As the New Year is preparing to force us all to live within the confines of 2017 for a whole year (selfish!), ModState LLC has continued to develop behind closed doors. In addition to growing beyond the recently-founded board of directors in terms of MANpower1, we’re gearing up to expand our reach as an online magazine in 20172.
I’m pleased to report that yesterday ended with December having bested August as our strongest month of traffic to date and that honestly shocks me still. While it may not seem like the brightest PR move for your “top” editorial figure to act surprised by good news out in the open, there’s no getting around the fact that our network has struggled on every level throughout much of this month. Any of you who braved the wiles of the post-election stimulation hangover by swinging by here know that. In fact, until this week, the days spent with a static image up were the sole sign of life just prior to our server issues. Until Wednesday, we weren’t functioning on any level discernible by the neutral observer.
With that, it’s far beyond relief the feeling I close out this month knowing that, even with all of our apparent woes the public didn’t give up on us and continued to persist in swinging by to see if we were milling about. Again, the interest was so keen and persistent that we topped August as our strongest month in traffic since our official launch on 30 April, 2016. Rather than go out on a whimper, complete with moans and groans of “It’s not fair!” I’m thrilled knowing that the paranoia involved in constantly backing up database and files paid off by ModState losing nothing more than the downtime involved and some of the favor we had generated amongst our faithful.

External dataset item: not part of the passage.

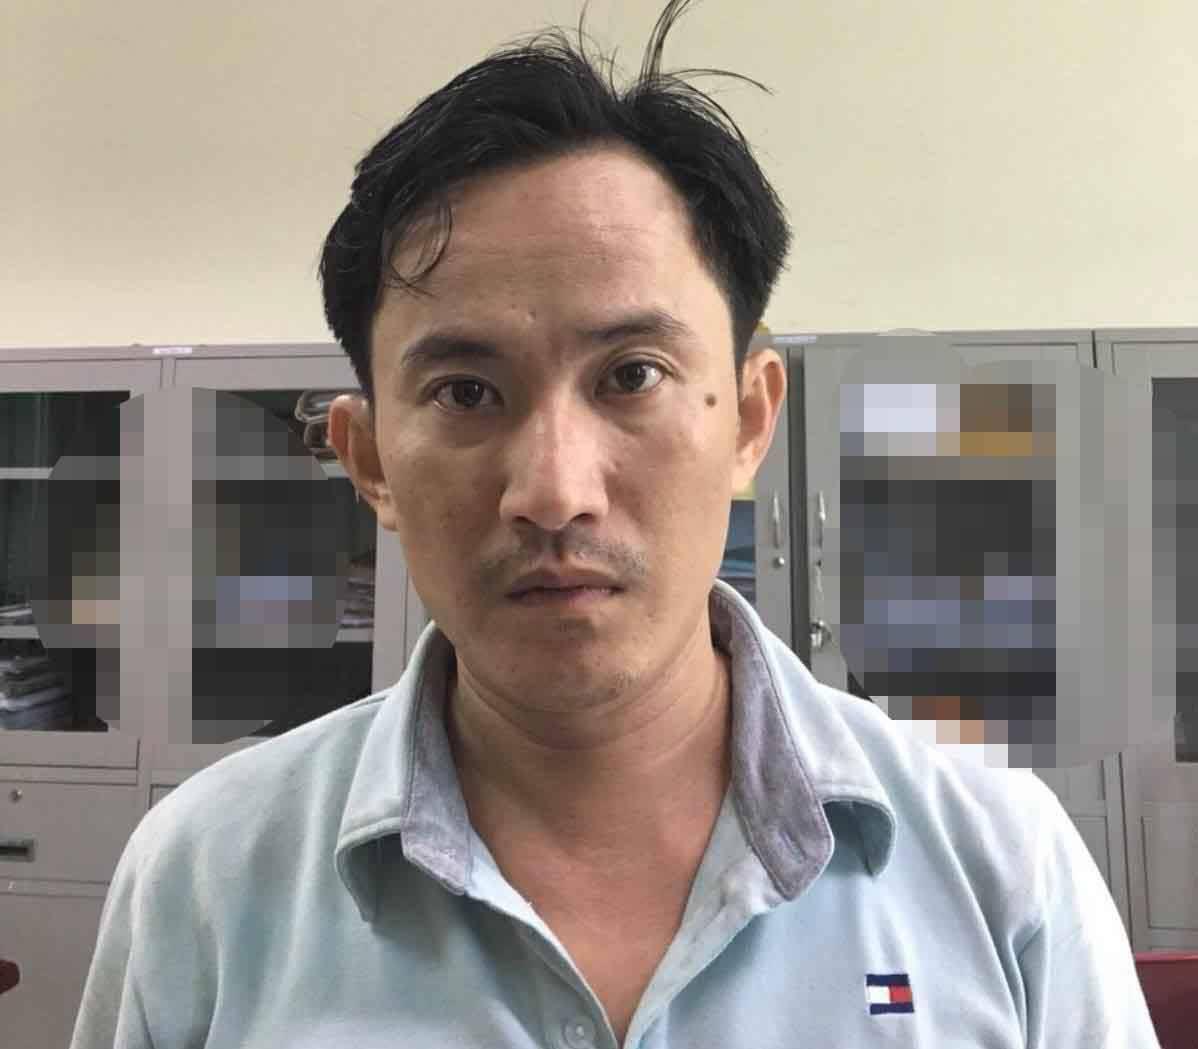 Chân dung kẻ chủ mưu tra tấn thai phụ 18 tuổi đến sảy thai ở Sài Gòn - Ảnh 1

Not only have I learned a great deal on the technical side due to our budget calling me into IT action since before the launch (HTML aside, any additional CSS and PHP work? Yep!), but I got to know our server and a few other anger-inducing sets of initials due to the chaos of our downtime. On top of being able to nearly use all ten fingers in a countdown of traumas endured in my personal life in my lifetime of Decembers survived, I ended up having to bring about resolution to a month replete with grief enveloping ModState as a publication and a network. As a result, by whatever means this series of debacles transpired, it nearly met with a damning end as a corporate enterprise.

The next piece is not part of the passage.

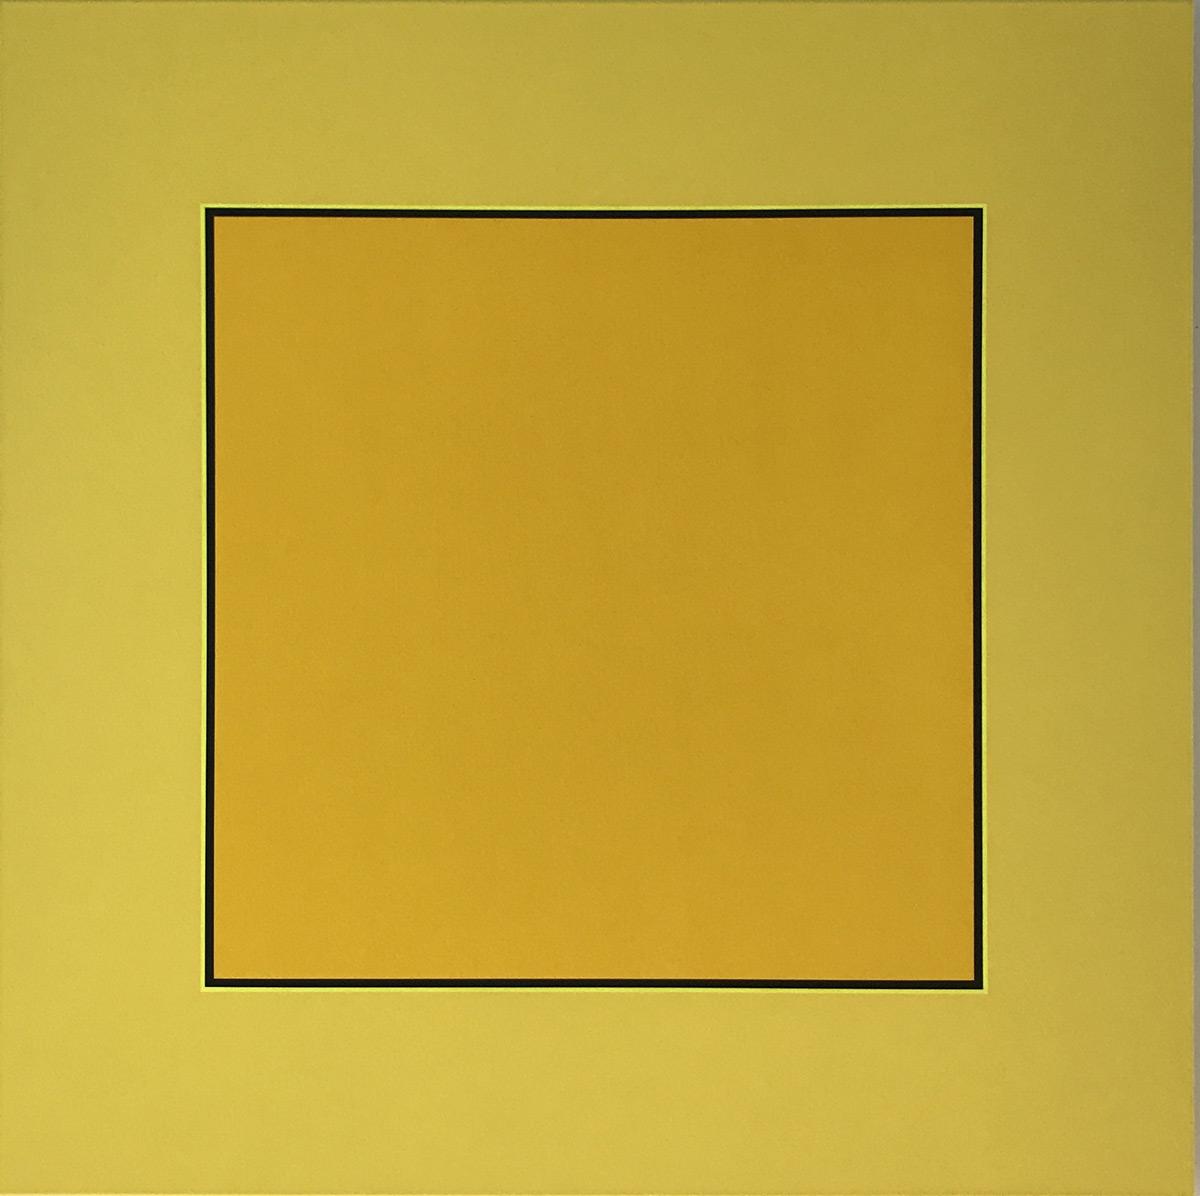 Werk von Ina von Jan konkrete Kunst Phase II Die Kraft der Farbe Gelb

That did not occur, obviously. I’ve been shown unwavering support behind closed doors by everyone involved on every level of this enterprise, and all that really matters now (from the corporate standpoint) is that everyone made it through this Holiday season safe and sound. LLC aside, though, and where the love never quite ran out on me (though it would’ve been warranted long ago) was as shown me by both of my wonderful, ever-loving and kind parents throughout my three-plus decades of life and, last but not least, my lovely, determined wife (imbued, I promise you, with the resilient love and belief not dissimilar from a patron saint of any and all goodness). That personal, Heaven-on-Earth, unholy-but-divinely-favored trinity of love meant all stayed right through the rain as all ends well this year because the love shown me never ceases and…yes, all is well.
Strength and honor.
1 Yeah, manpower. Just like we’ve been called corpsman in the Navy not because women are inferior but because until this half of the decade women have not been consistently permitted into combat-ready units as part of any policy. Thus, Marine infantry units did what they’ve always done in taking Navy medical personnel along for the s**t-show and, again, recall that bit about how it has been 99+% men that’ve gone to combat in America? Well, the Navy medical officers go by their rank but the Navy enlisted who go with the Marines? Nobody but their fellow Navy enlisted say their rank. To the Marines? It’s “Doc” and, to everyone else, they’re just a corpsman. That said, as pertains to ModState, as we’ve had several wonderful, brilliant women involved in our endeavor(s), that comprises what I like to call “a joke”, referring to the lot as manpower even though one of our stalwarts is from our stomping grounds here in South Louisiana in spite of her current geographical handicap (she lives in Orlando, Florida). That and, oh, yeah, on our board of directors and fulfilling an integral role as not only a visionary accountant but also as an acting CFO to help us get it together, keep it together and make it off the ground? In her extensive spare time outside of this she is a caretaker for a live-in elderly relative, a cosmetologist and is working on cleaning up one dilapidated old property while selling another. And by working on it I mean she’s the one actually doing it. That lady for whom a label of “ambitious” would nearly approach an insult? Katherine F. DeViney? That would be my mother. If there was a chance I was being serious (which there isn’t), she wouldn’t be within the same language as a joke she would bear the brunt of.
2 We only have to put up with 2017 for 365 days. Hey, it could’ve been 366 and it’d be one of those weird years where people like my former neighbor in Knoxville, “Crazy” Eddie, who was just turning 40-year-old but kept insisting he was actually turning 10. “Whatever for?!” I thought you’d never ask. I just don’t feel like repeating that story again. Not now. Au revoirs!